Working with Different Data Types

Type Conversion

import numpy as np

# Convert to different types
arr = np.array([1.5, 2.7, 3.2, 4.9])

print(arr.astype(int))        # [1 2 3 4] - truncates
print(arr.astype(float))      # [1.5 2.7 3.2 4.9]
print(arr.astype(str))        # ['1.5' '2.7' '3.2' '4.9']
print(arr.astype(bool))       # [True True True True]

Type Checking

import numpy as np

arr_int = np.array([1, 2, 3])
arr_float = np.array([1.0, 2.0, 3.0])

print(np.issubdtype(arr_int.dtype, np.integer))    # True
print(np.issubdtype(arr_float.dtype, np.floating)) # True
print(np.issubdtype(arr_int.dtype, np.number))   # True

Array vs Python Lists

Performance Comparison

import numpy as np
import time

# Python list
python_list = list(range(1000000))

# NumPy array
numpy_array = np.array(range(1000000))

# Time list operation
start = time.time()
result = [x * 2 for x in python_list]
list_time = time.time() - start

# Time NumPy operation
start = time.time()
result = numpy_array * 2
numpy_time = time.time() - start

print(f"List time: {list_time:.6f} seconds")
print(f"NumPy time: {numpy_time:.6f} seconds")
print(f"NumPy is {list_time/numpy_time:.2f}x faster")

Memory Comparison

import numpy as np
import sys

python_list = [1, 2, 3, 4, 5]
numpy_array = np.array([1, 2, 3, 4, 5])

print(f"Python list size: {sys.getsizeof(python_list)} bytes")
print(f"NumPy array size: {numpy_array.nbytes} bytes")
print(f"NumPy is {sys.getsizeof(python_list) / numpy_array.nbytes:.2f}x more memory efficient")

Practical Examples

Example 1: Basic Statistics

import numpy as np

# Generate random data
data = np.random.normal(100, 15, 1000)  # Mean=100, Std=15, Size=1000

# Calculate statistics
print(f"Mean: {np.mean(data):.2f}")
print(f"Median: {np.median(data):.2f}")
print(f"Standard Deviation: {np.std(data):.2f}")
print(f"Min: {np.min(data):.2f}")
print(f"Max: {np.max(data):.2f}")
print(f"Range: {np.max(data) - np.min(data):.2f}")
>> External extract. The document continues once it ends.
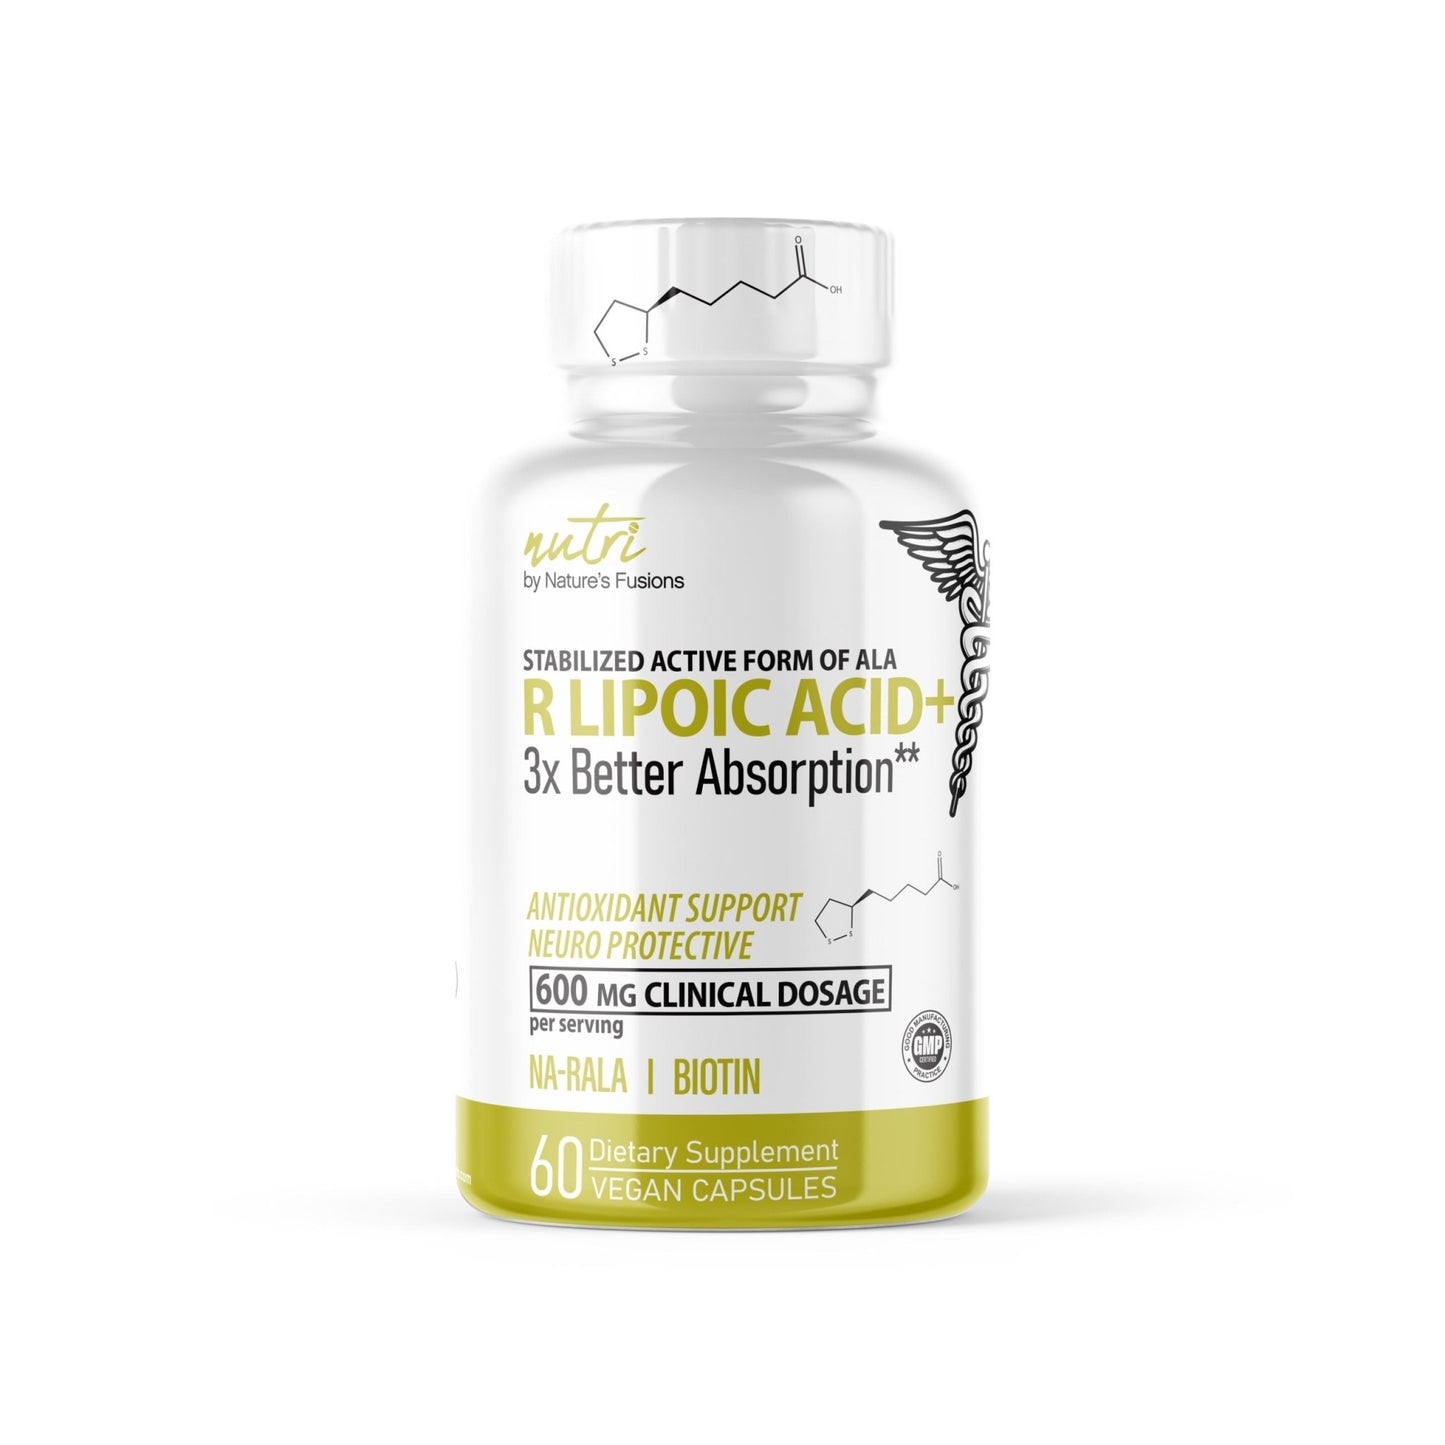 Nutri R Alpha Lipoic Acid 600mg Capsules with Biotin - Stabilized Active Form of ALA - 60 Vegan Capsules - Tree Spirit Wellness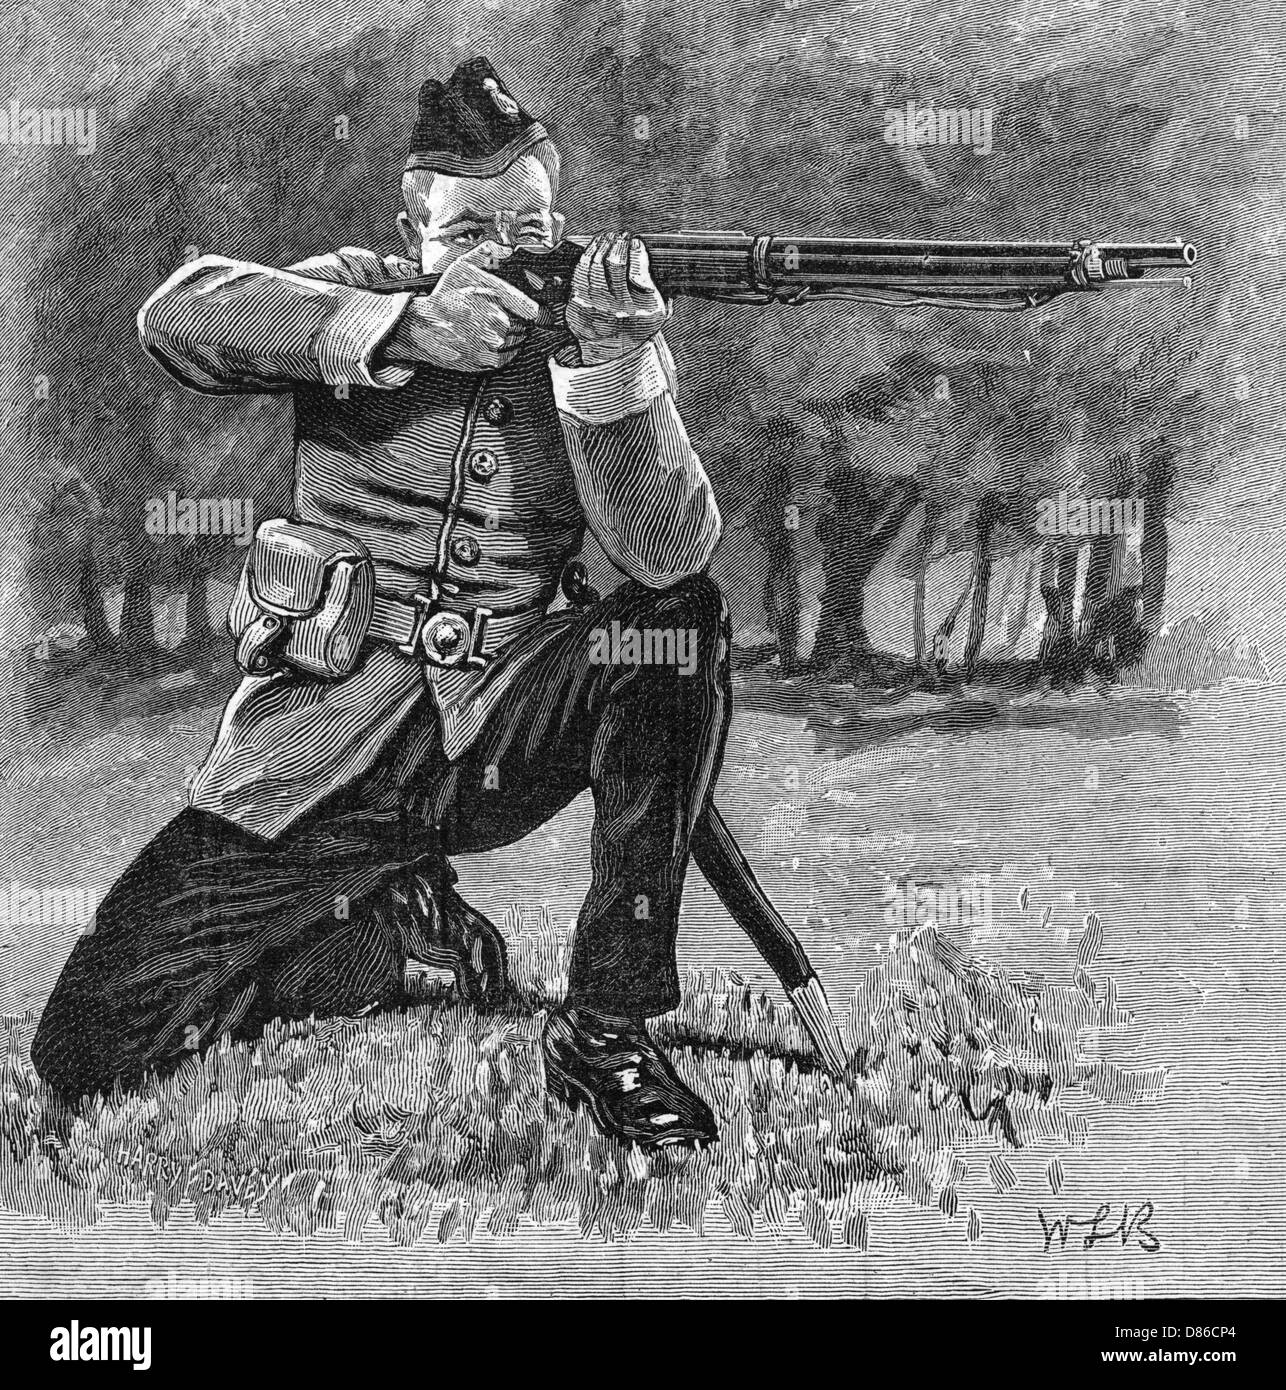 Rifle, kneeling position, 1892 Stock Photo

Example 2: Array Manipulation

import numpy as np

# Create matrix
matrix = np.array([[1, 2, 3], [4, 5, 6], [7, 8, 9]])
print("Original matrix:")
print(matrix)

# Transpose
transposed = matrix.T
print("\nTransposed:")
print(transposed)

# Sum along axis
print("\nSum along rows (axis=1):", matrix.sum(axis=1))
print("Sum along columns (axis=0):", matrix.sum(axis=0))

# Mean along axis
print("\nMean along rows:", matrix.mean(axis=1))
print("Mean along columns:", matrix.mean(axis=0))

Example 3: Working with Images (Conceptual)

import numpy as np

# Simulate image data (height, width, channels)
image = np.random.randint(0, 256, size=(100, 100, 3), dtype=np.uint8)

print(f"Image shape: {image.shape}")
print(f"Image dtype: {image.dtype}")

# Convert to grayscale (average RGB channels)
grayscale = image.mean(axis=2).astype(np.uint8)
print(f"Grayscale shape: {grayscale.shape}")

# Brighten image
brightened = np.clip(image * 1.5, 0, 255).astype(np.uint8)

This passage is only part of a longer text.